So if you’re like me and you’re creating programs and data sets that others statisticians will use, you need (I will argue at my meeting) formal written programming standards. What are some of the things that you should put in your programming standards document?

Variable naming convention

One of the simplest things you need is a variable naming convention.This may seem trivial, and sometimes it is, but at a minimum a consistent naming convention will make a program easier to read. It also greatly simplifies program maintenance.
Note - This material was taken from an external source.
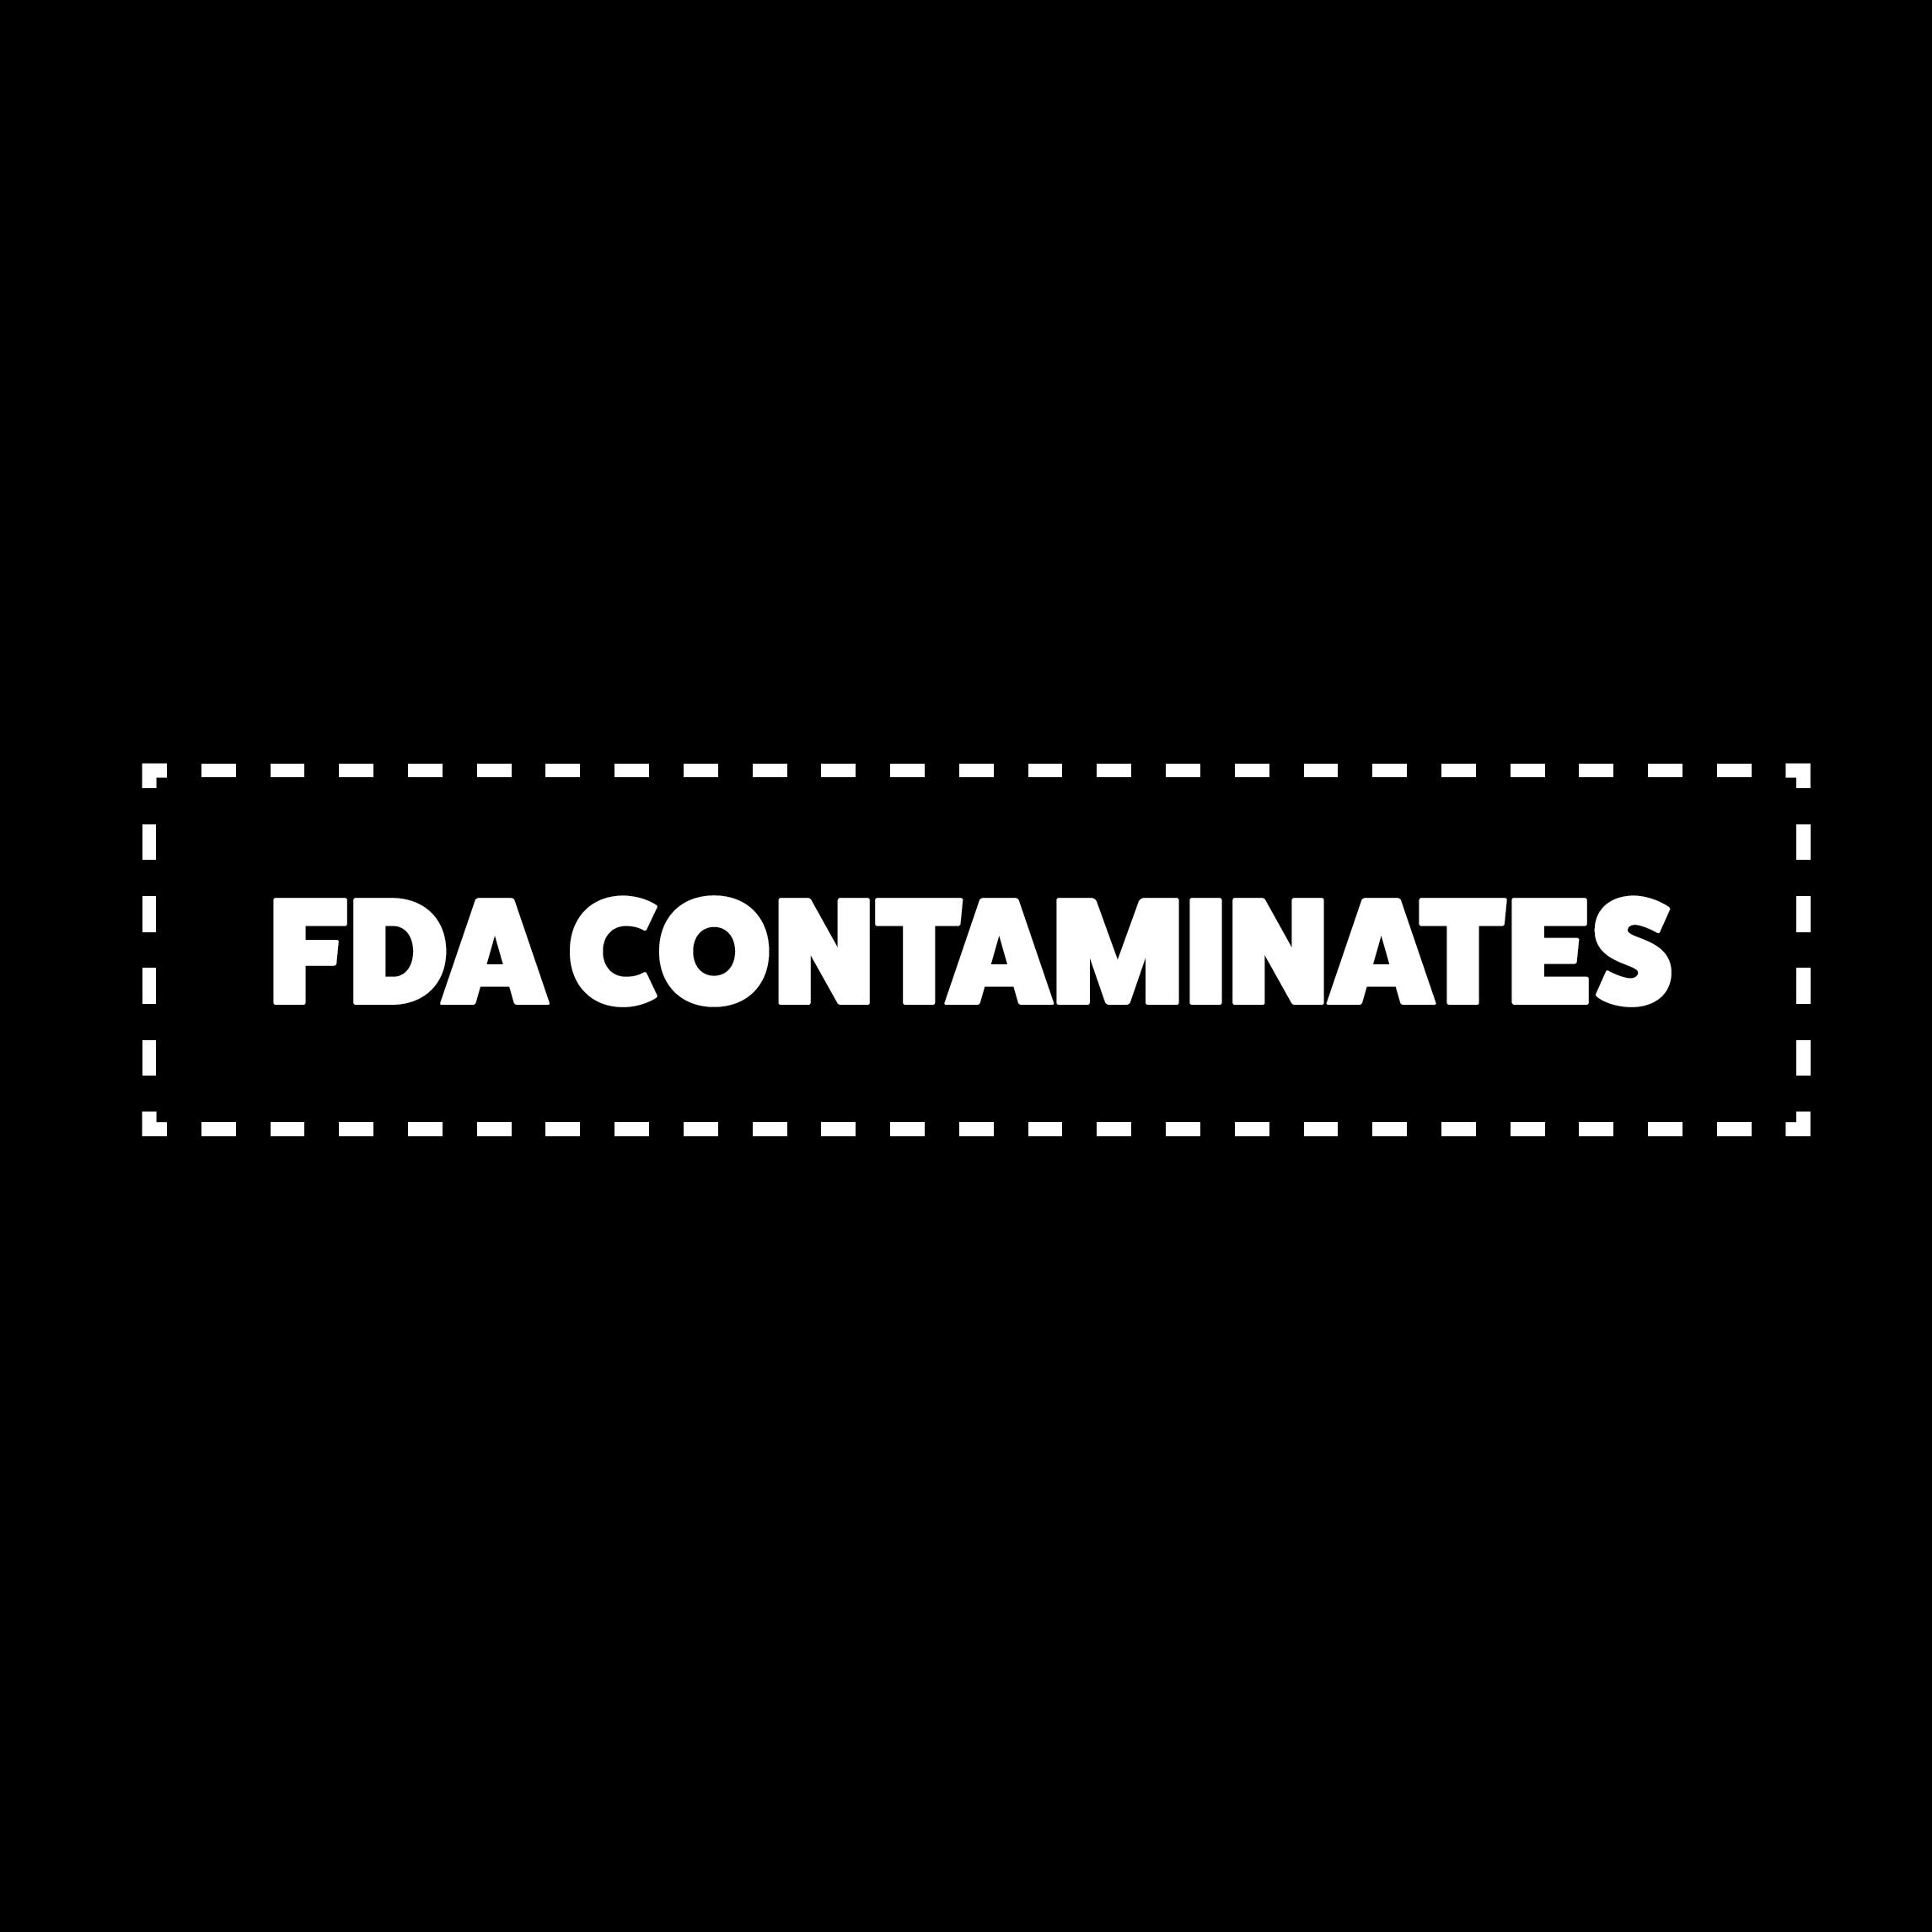 <i>FDA Contaminates</i>

The story I tell when I talk about variable naming conventions is a true one, actually. There was a group called Writer’s Exchange that wanted to set up a website. They named it www.writersexchange.com, which seems like a pretty good name except that you can accidentally read it as "writer sex change. So to avoid confusion, you need some way to easily separate words in a variable name. You can’t use blanks: most programs won’t allow it, so the three common approaches are camelCaseNames, underscore_separated_names, and dot.separated.names. The actual choice varies. Microsoft likes camelCaseNames (and a closely related variant they call PascalCaseNames). Google likes underscore_separated_names for some of their programming languages, camelCaseNames for others, and a mix depending on the type of variable for still others. Their R programming style guide recommends dot.separated.names but says that camelCaseNames are acceptable. The Google Style Guide for R recommends AGAINST underscore_separated_names, but other style guides recommend AGAINST dot.separated.names instead.
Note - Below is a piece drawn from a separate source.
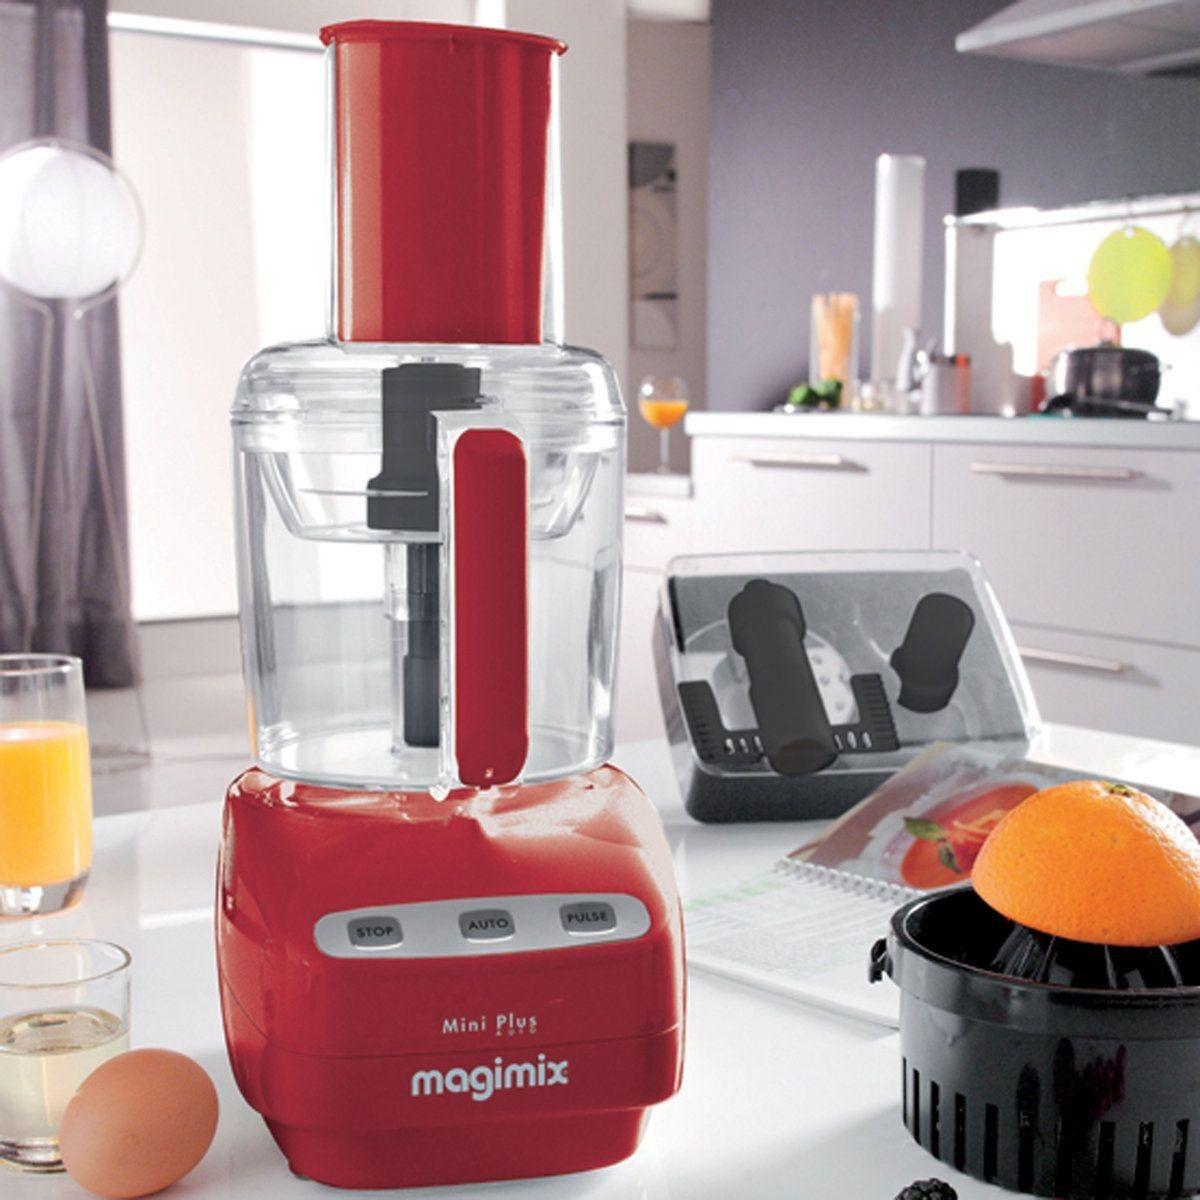 Magimix Food Processor Recipes Kitchen Gizmos

I like underscore_separated_names, but would be fine with any convention. R itself is terribly inconsistent. So, for example, the argument for handling missing values in the mean function is dot separated (na.rm). But in the table function, it is camel case (useNA).
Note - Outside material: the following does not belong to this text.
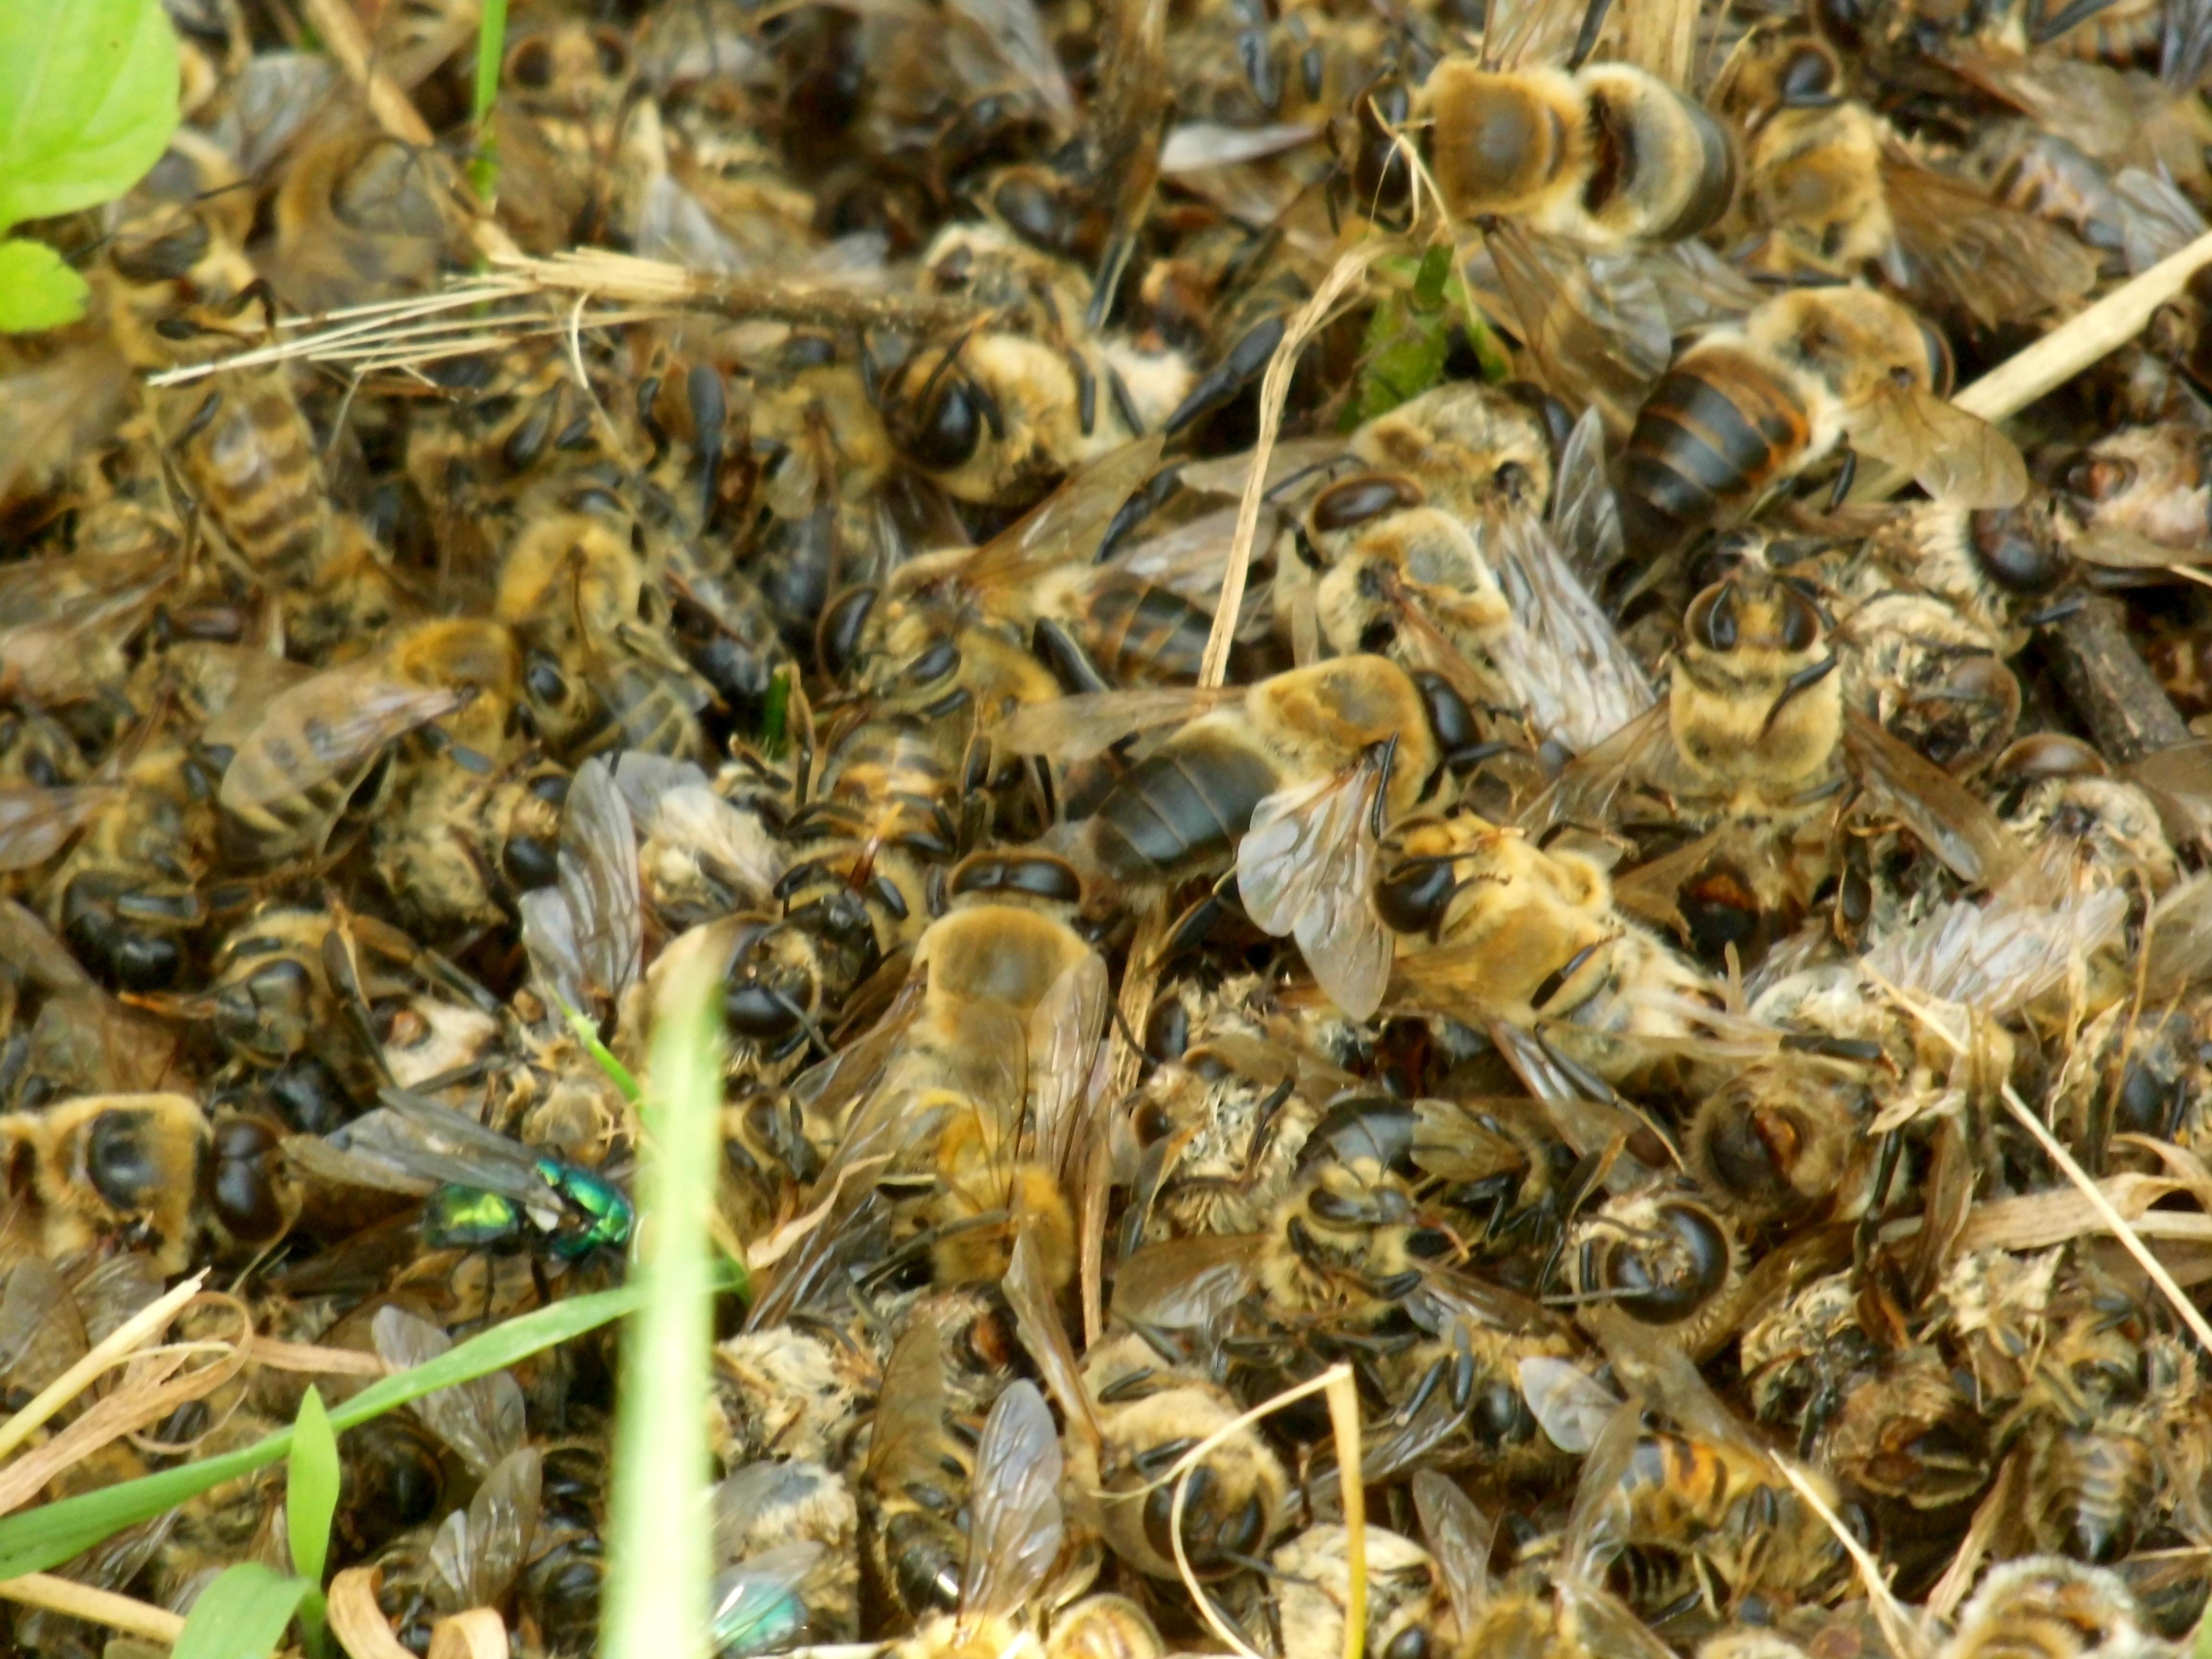 Vele duizenden vergiftigde bijen bij de Nijsmolen Stramproy

But don’t you be like R itself. If you adopt a naming convention, you should follow it religiously. Here’s some of the reasons why.

First, a mix of naming conventions makes your code fragile. Suppose one programmer is cumulating events in event.counter, and a second programmer starts accumulating the events in event_counter, then the best you can hope for is that you get an error code that one of the variables is uninitialized. If you don’t get that message, then some of your events will not get counted properly.

Second, a mix of naming conventions messes up an alphabetical listing. If you have variables named

when you list them with ls(), they come out listed as

Finally, variable names in R can be manipulated as easy as data sets. If you name variables consistently, then you can more easily loop across variables, pull out subsets of variables, and re-order your variables.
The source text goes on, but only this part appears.